ImageCaptioning

This repository contains the code and resources for an Image Captioning project developed as part of a Machine Learning course. The project implements a deep learning pipeline to automatically generate captions for images using a combination of Convolutional Neural Networks (CNN) and Recurrent Neural Networks (RNN). Specifically, it leverages a pre-trained ResNet50 model for feature extraction and a custom RNN model for generating captions in natural language.

Project Overview

Image captioning is a fundamental task in computer vision and natural language processing that involves describing the content of an image in words. This project utilizes the Flickr8k dataset, which consists of 8,091 images, each annotated with five captions describing the image content.
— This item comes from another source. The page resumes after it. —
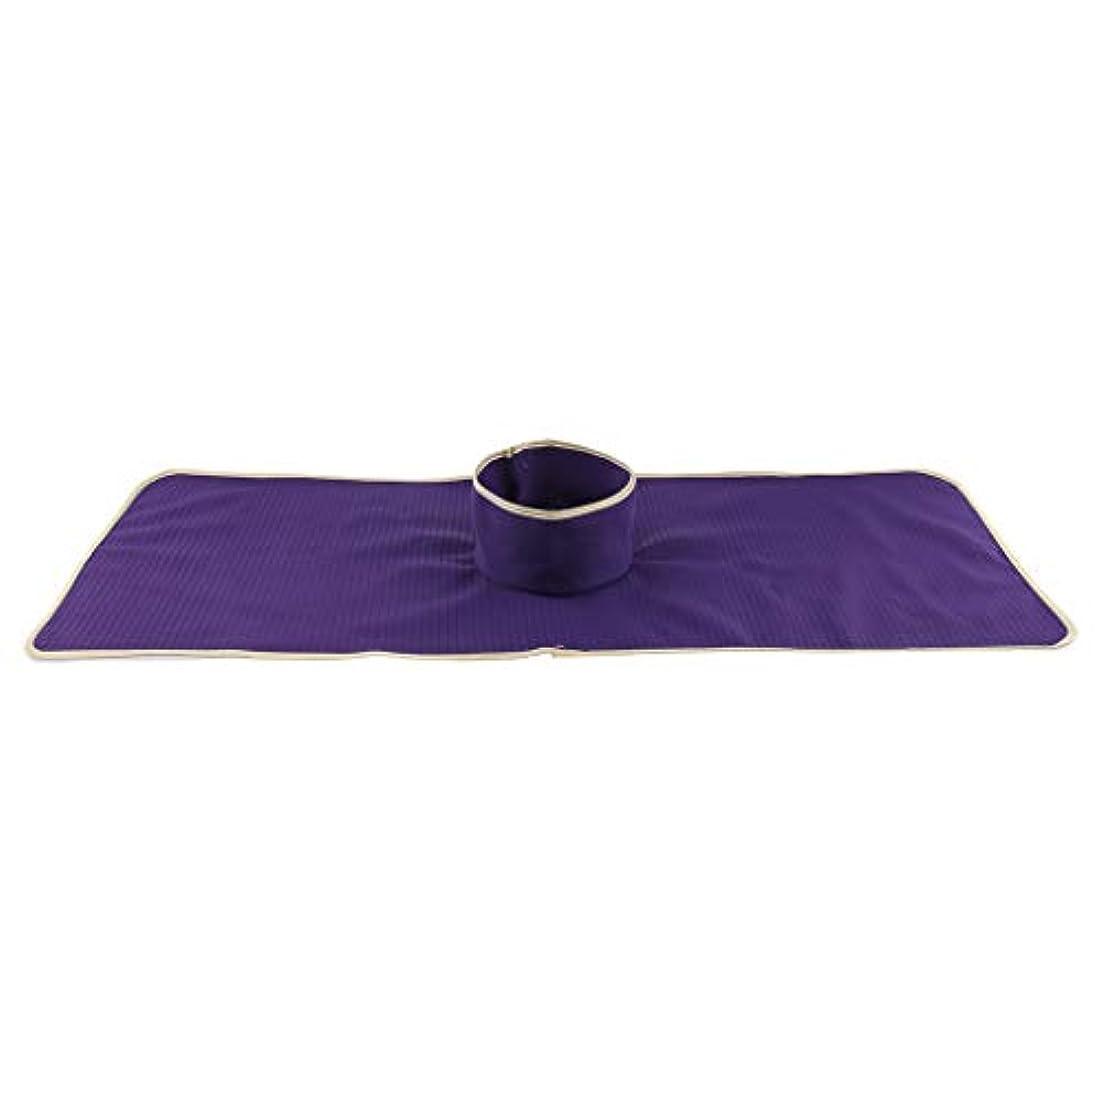 ブリード動本物FLAMEER マッサージのベッド用 パッド マット 顔の穴付き 洗える 約90×35cm 全3色 - 紫

The goal is to train a model that can generate accurate and meaningful descriptions for new, unseen images.

Key Features

Image feature extraction using a pre-trained ResNet50 model.
Sequence generation using an RNN model with LSTM layers to produce captions based on image features.
Evaluation using a BERT-based similarity metric to compare generated captions with reference captions.

Directory Structure

Captions: Contains the captions.txt file with image IDs and corresponding captions.
Code:
- ImageCaptioning.ipynb: Jupyter Notebook containing code, explanations, and results of the image captioning model.
- ImageCaptioning.py: Python script version of the notebook for running the model outside of a Jupyter environment.
.gitignore: Specifies files and folders to be ignored by git.
LICENSE: The license for this project.
README.md: Project documentation.

Installation

To run this project, you need Python 3.7 or higher. The required libraries can be installed using:

pip install tensorflow keras numpy transformers sklearn pillow

Additionally, download and unzip the Flickr8k dataset and captions file as instructed in the notebook.

Usage

Running the Jupyter Notebook

Open ImageCaptioning.ipynb in Jupyter Notebook or JupyterLab.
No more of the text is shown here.